Assignment
Output the full listing exactly as written, with no pictures in it.

Data excerpt
____

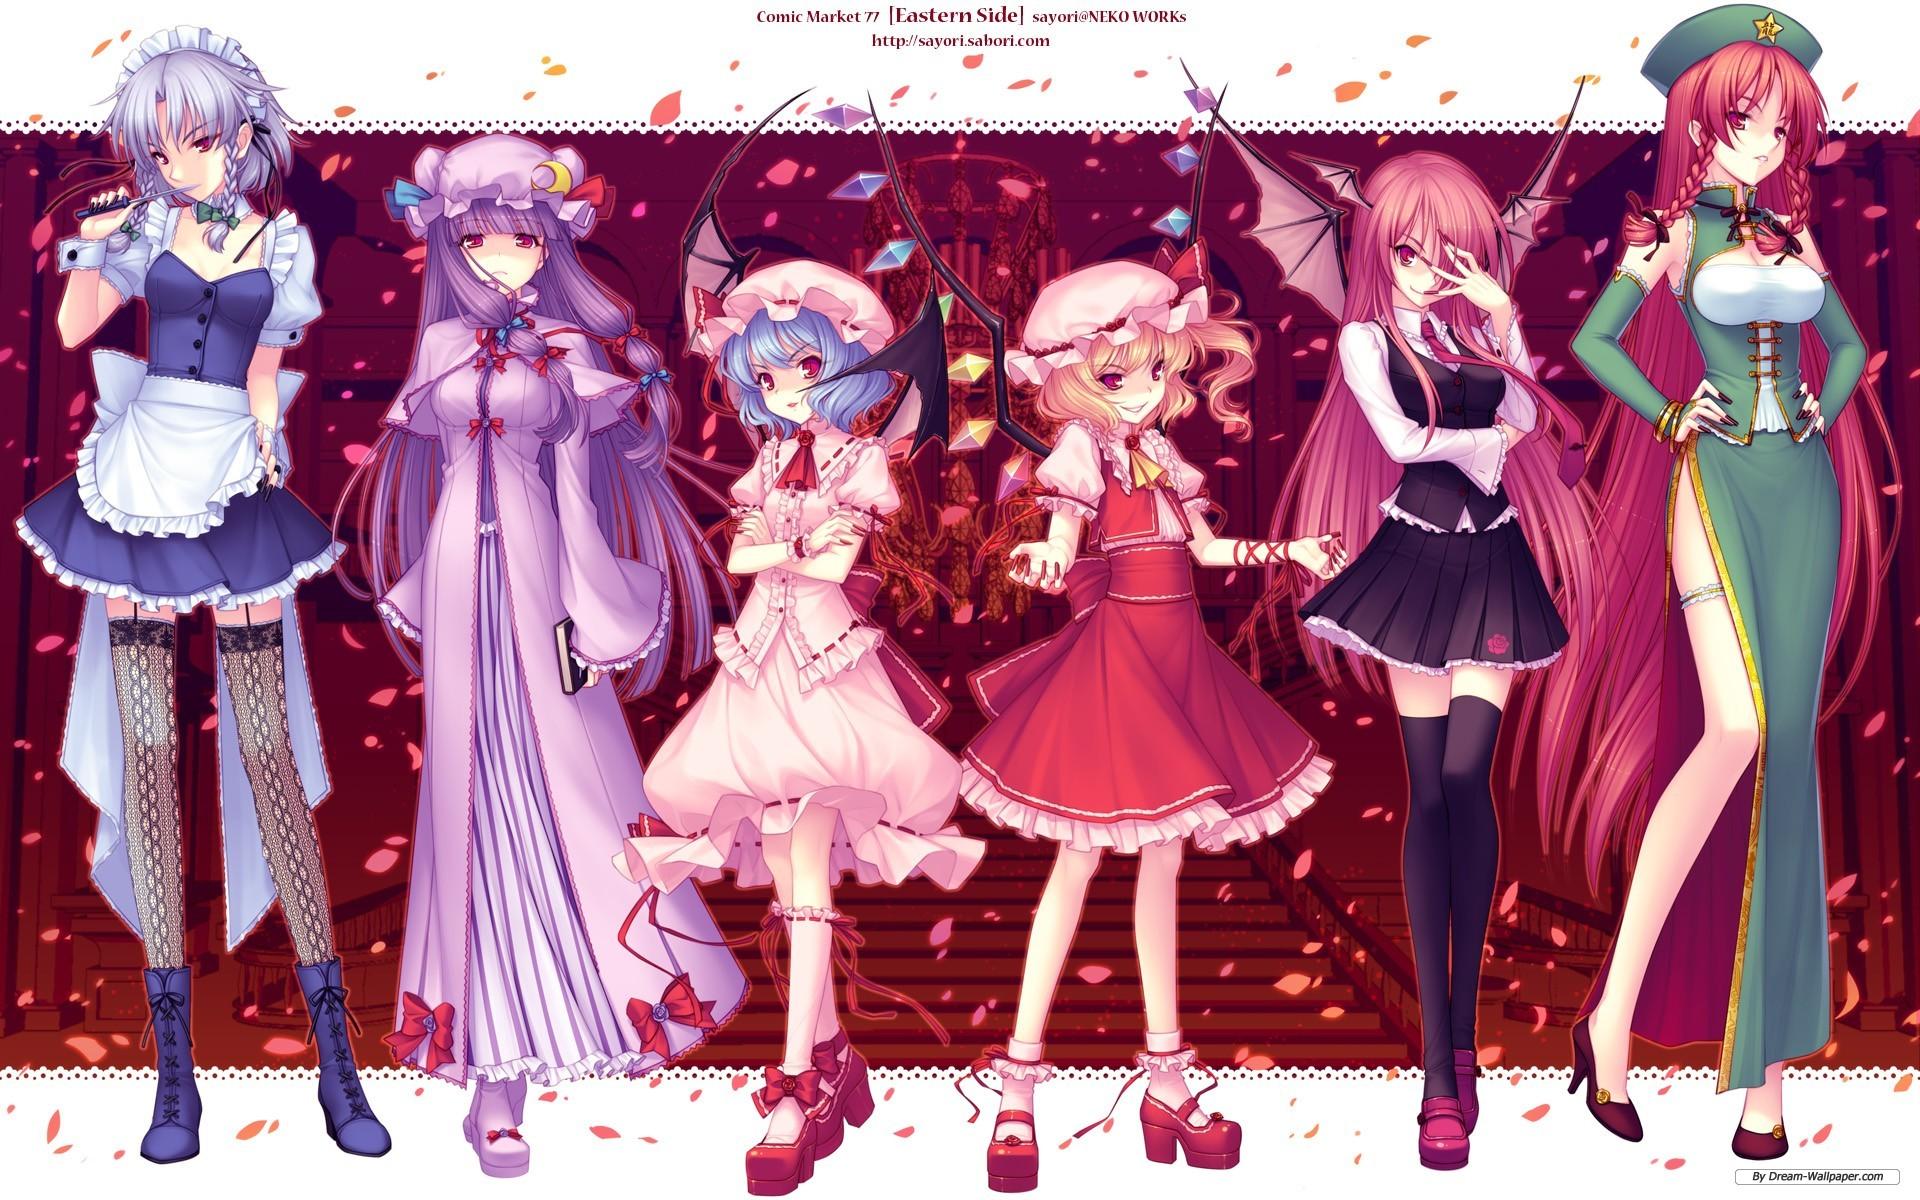 Touhou Project Background → Anime Gallery
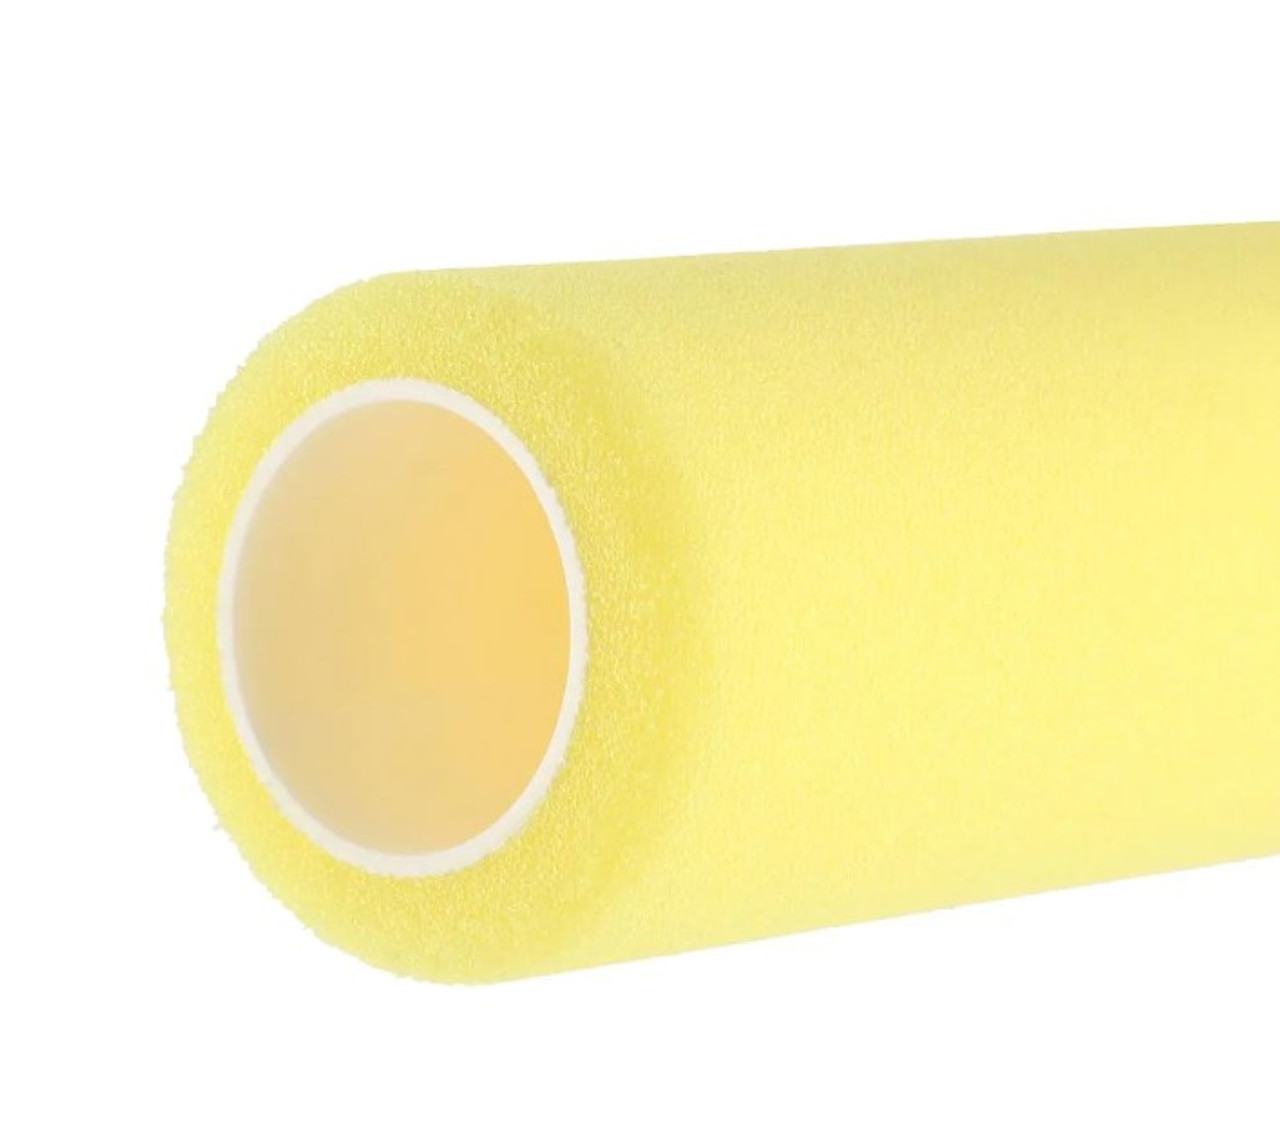 Foam Pro Roller 9 with 3/8 Nap
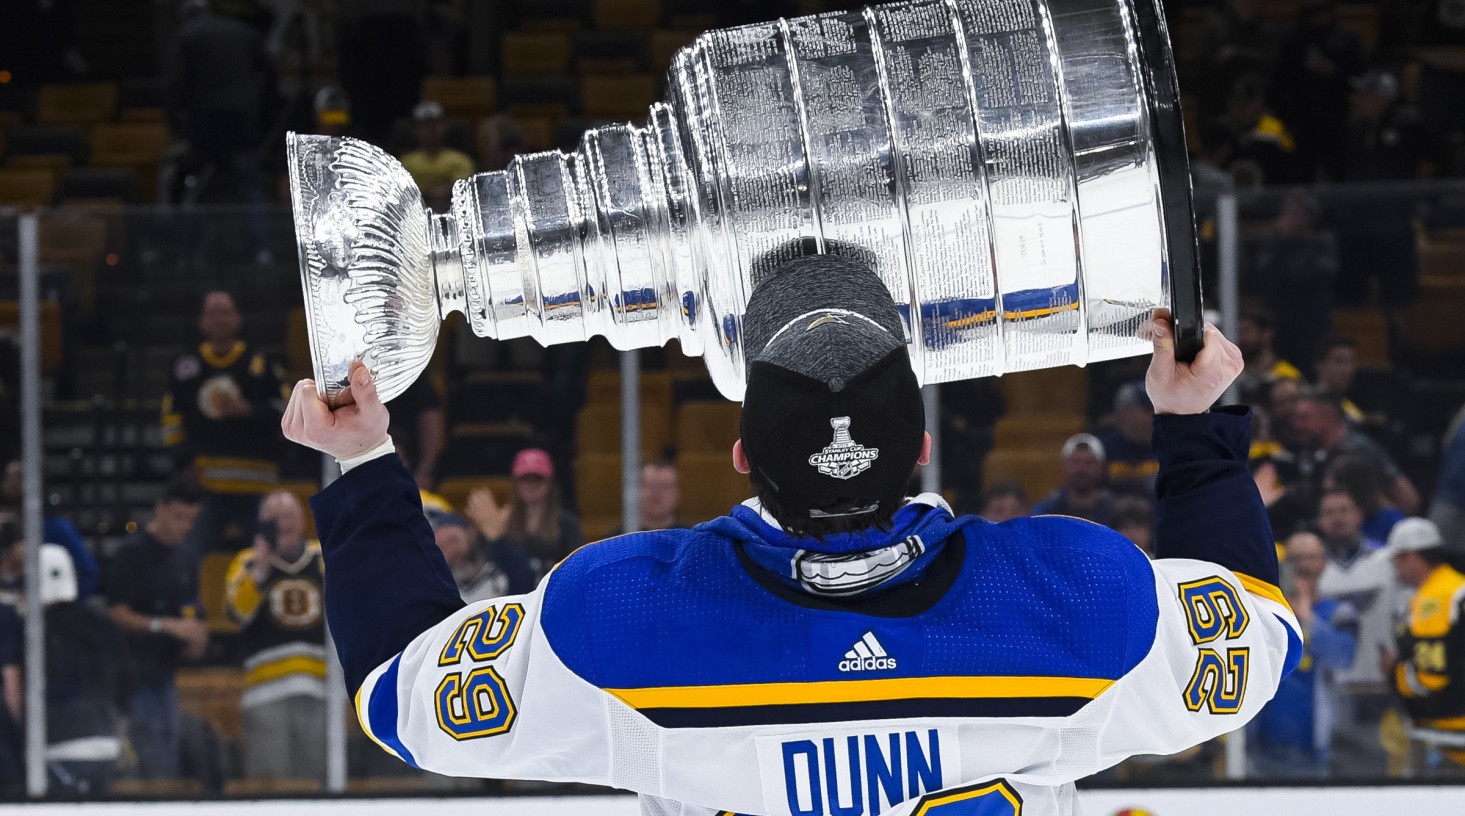 Vince Dunn of the St. Louis Blues hoists the Stanley Cup

____

Written reply
 Touhou Project Background → Anime Gallery
 Foam Pro Roller 9 with 3/8 Nap
 Vince Dunn of the St. Louis Blues hoists the Stanley Cup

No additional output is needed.